With the images excluded, set down every line of the listing below exactly.

Information shown ::
★ ★ ★ ★ ★

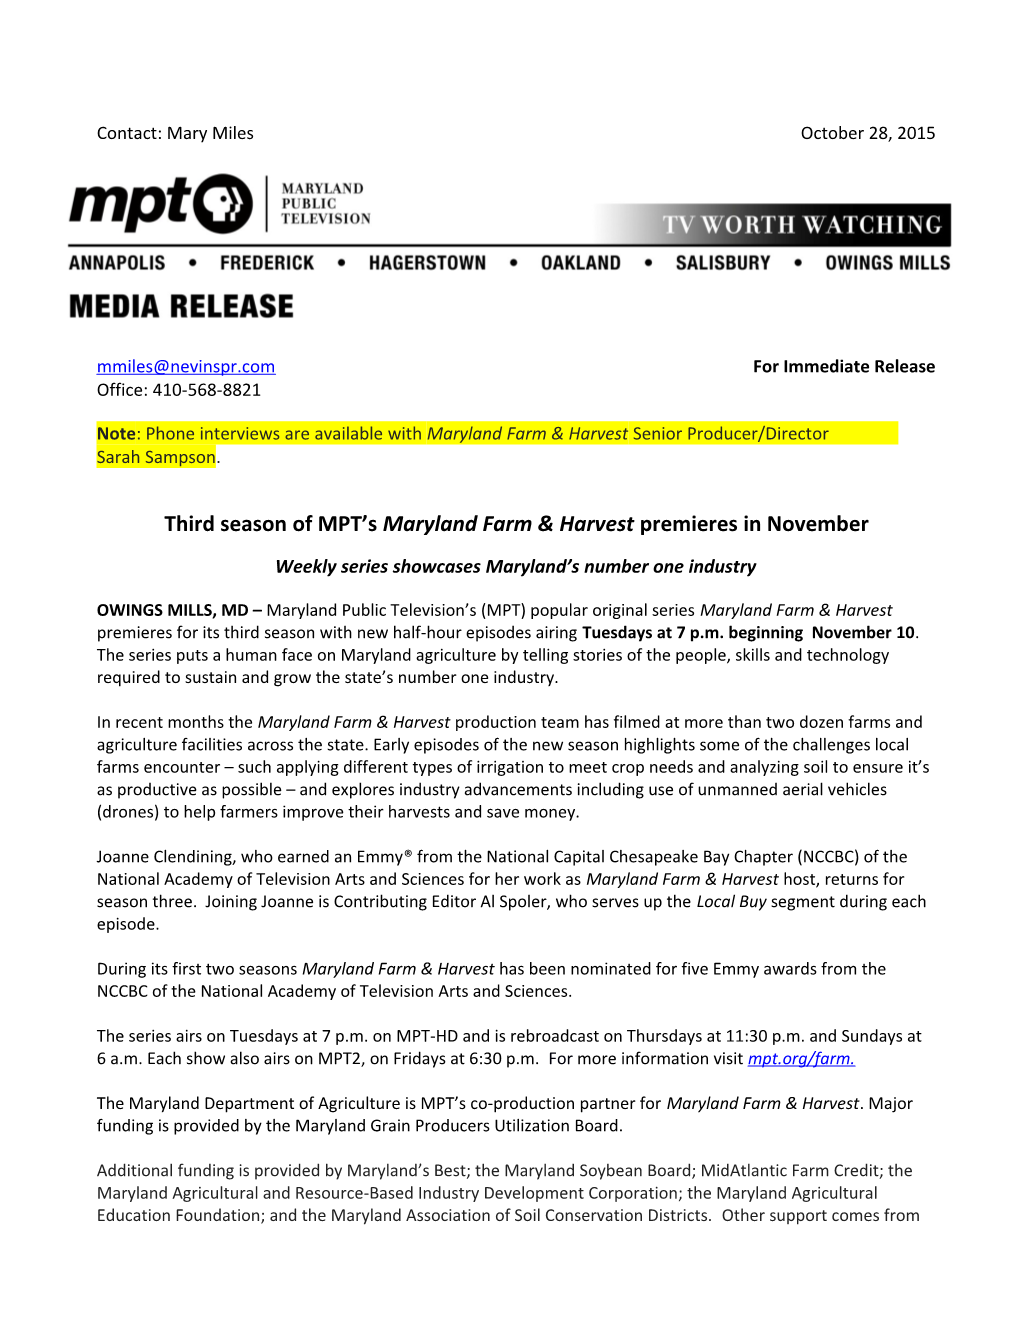 Third Season of MPT S Maryland Farm & Harvestpremieres in November
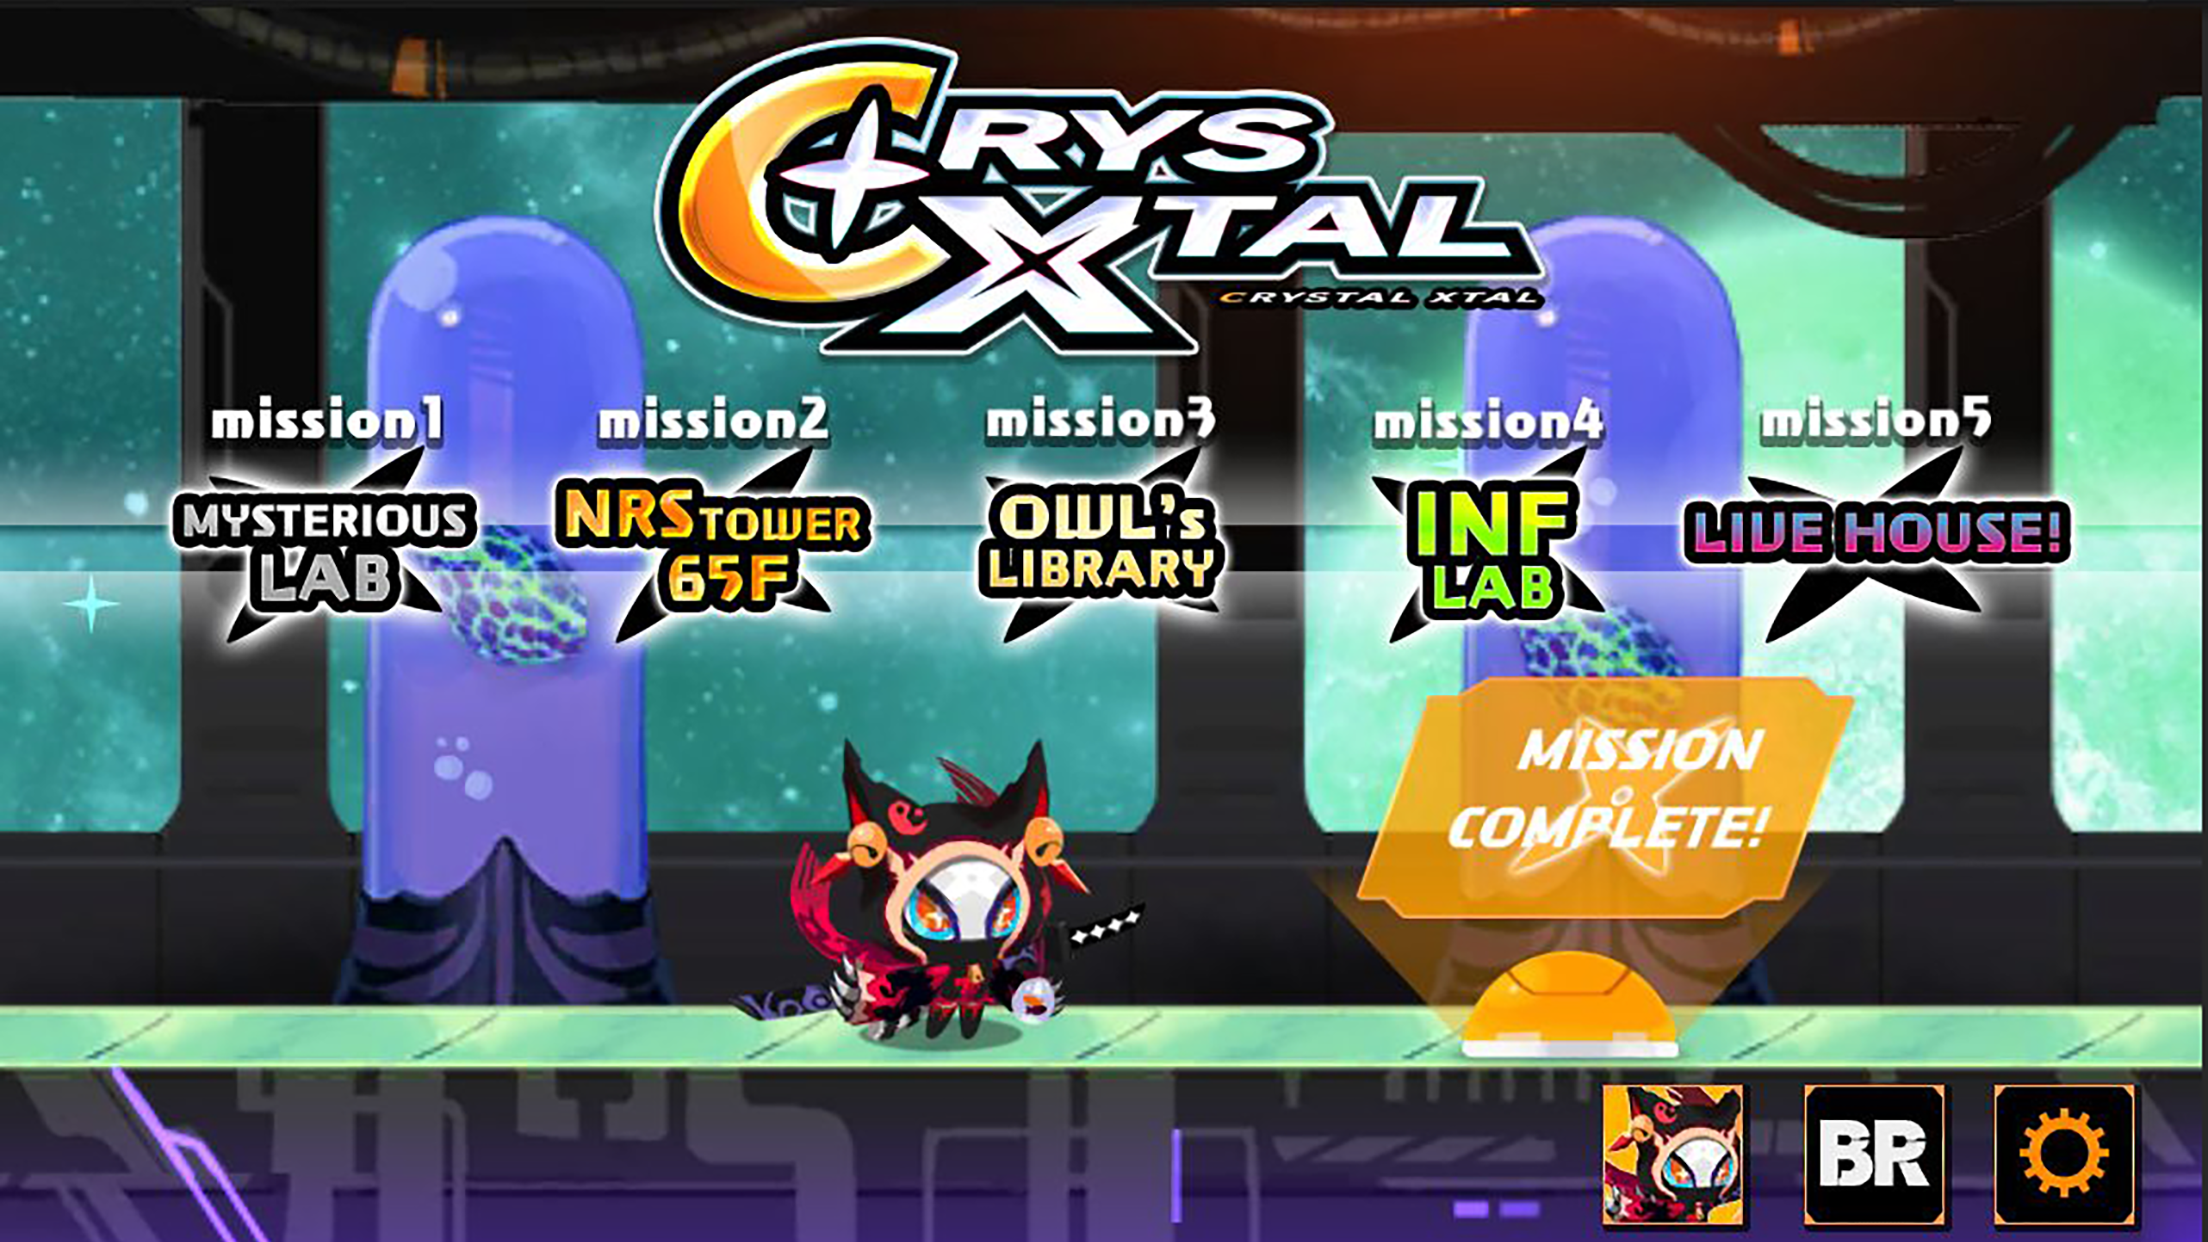 Screenshot 1 of CRYSTAL XTAL - Ninja Mèo Bắn Súng 1.3
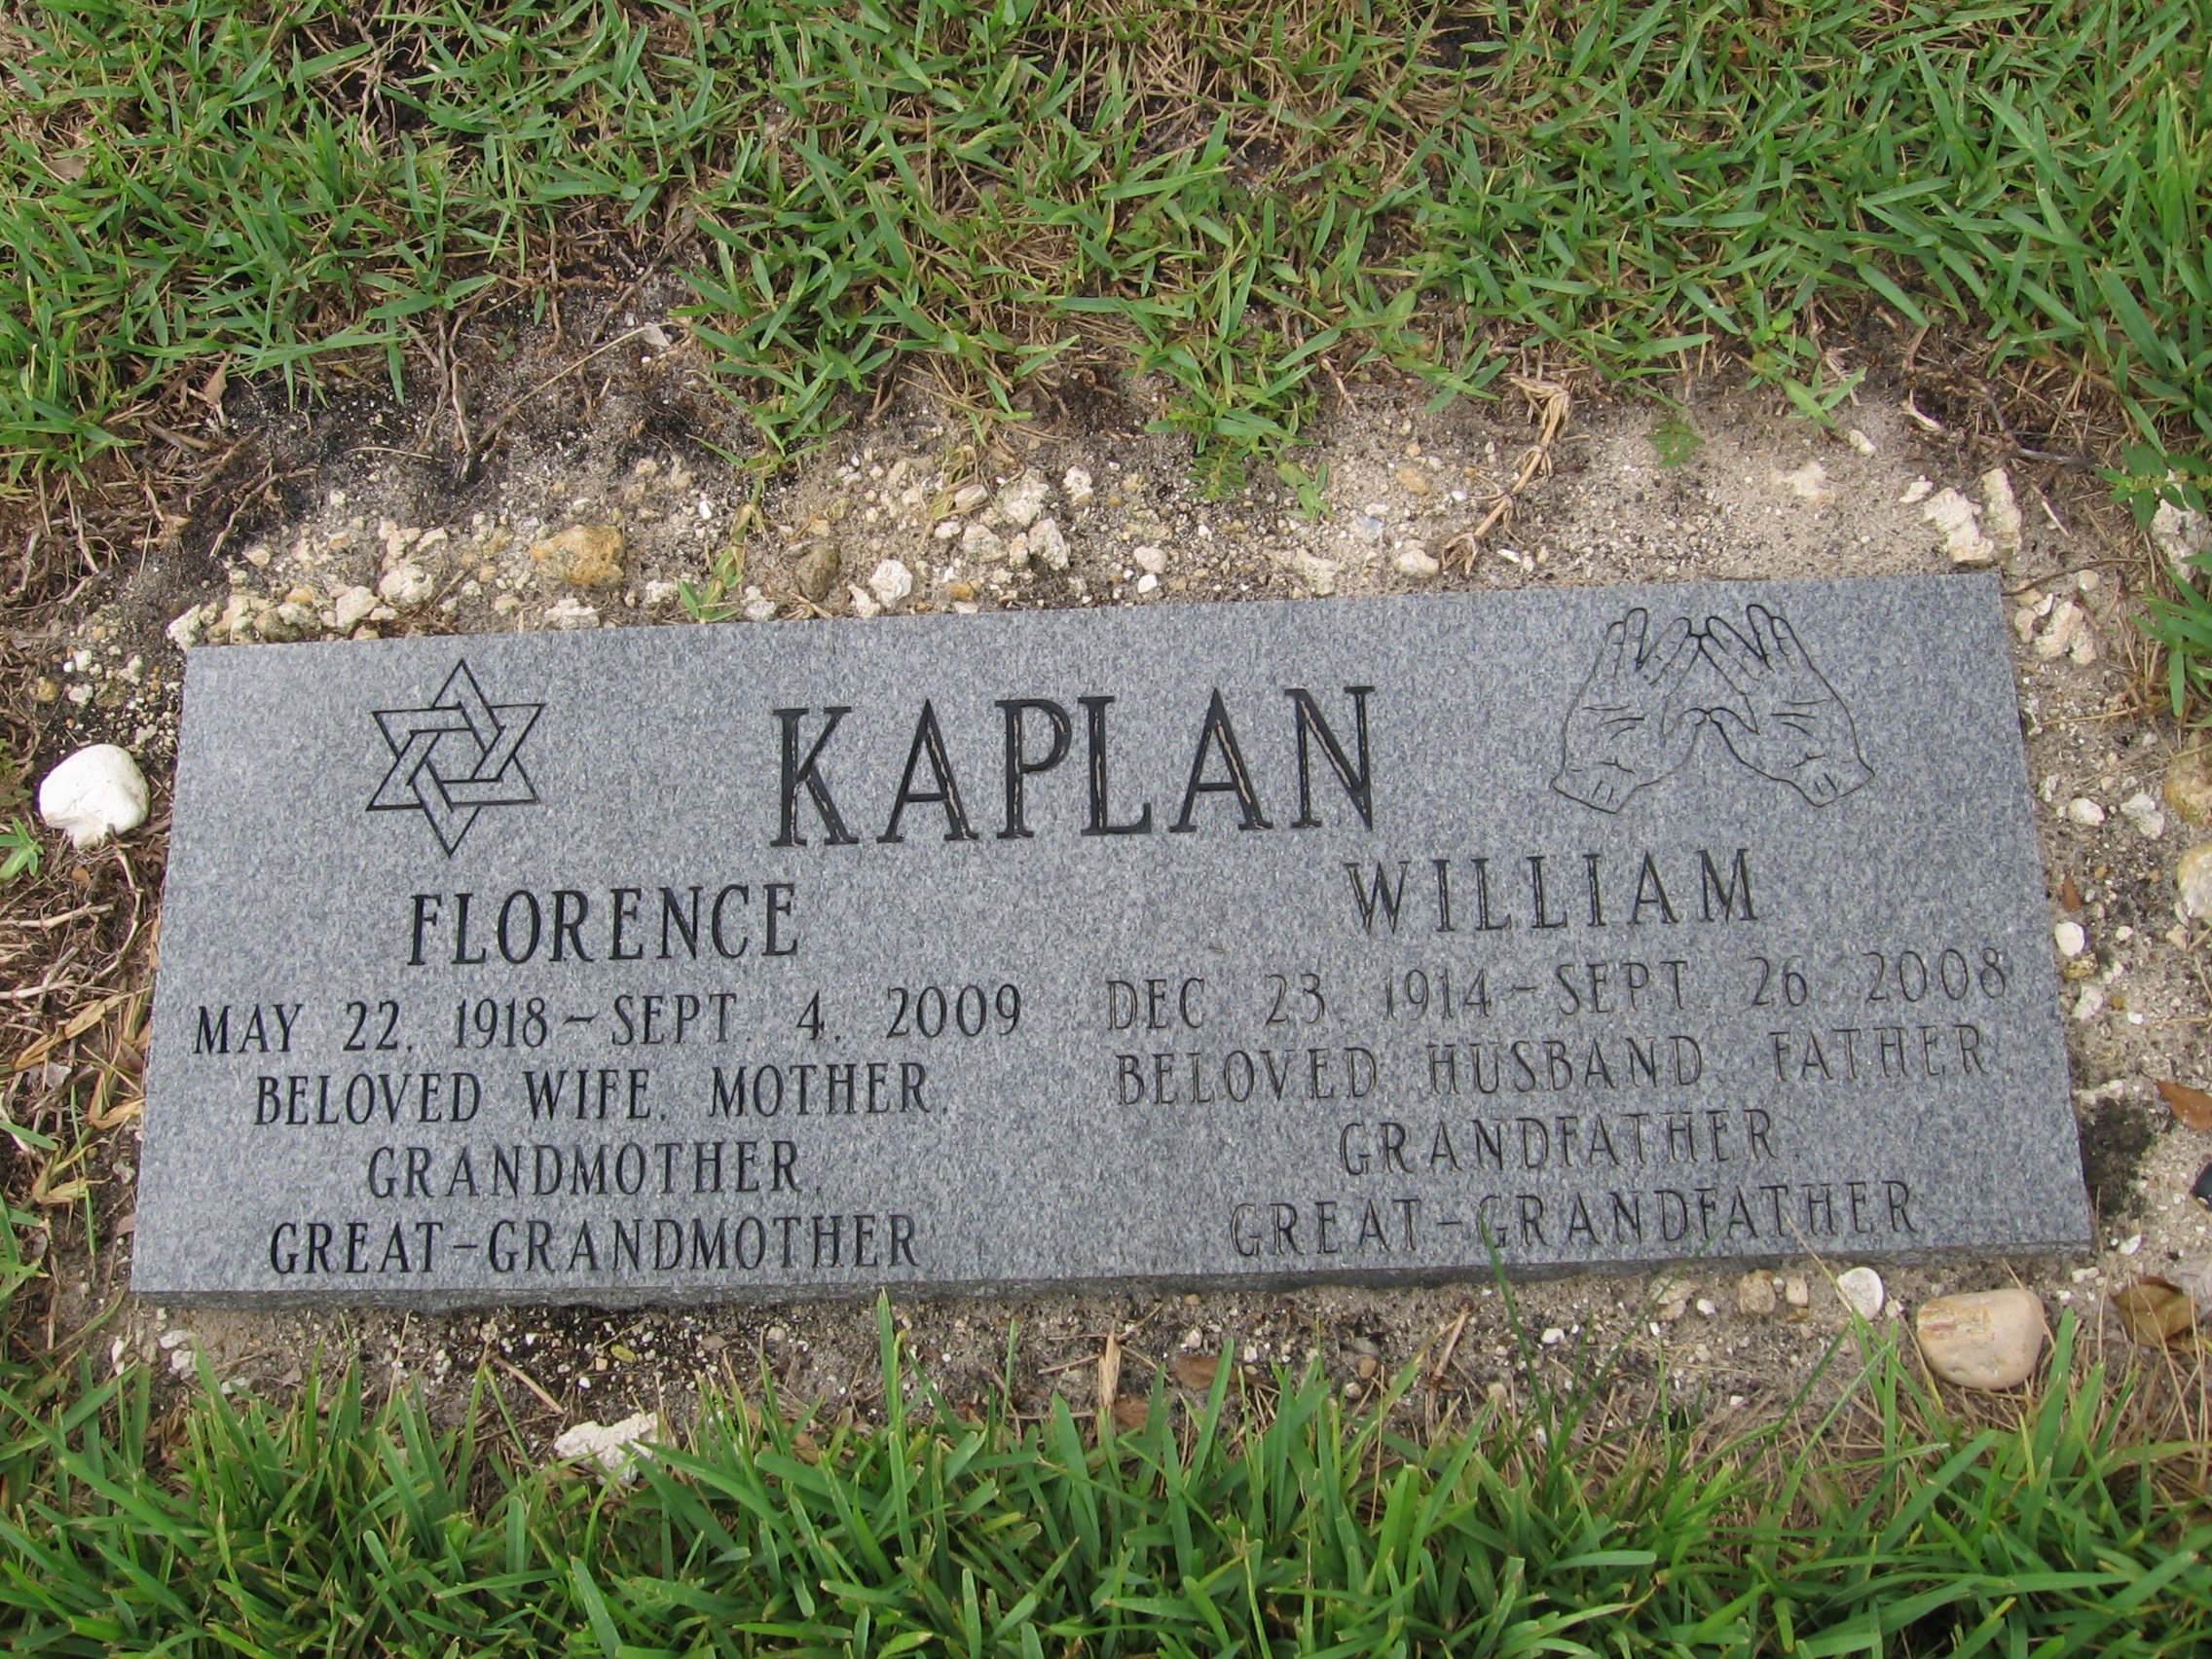 William Kaplan

★ ★ ★ ★ ★

Exercise answer ::
 Third Season of MPT S Maryland Farm & Harvestpremieres in November
 Screenshot 1 of CRYSTAL XTAL - Ninja Mèo Bắn Súng 1.3
 William Kaplan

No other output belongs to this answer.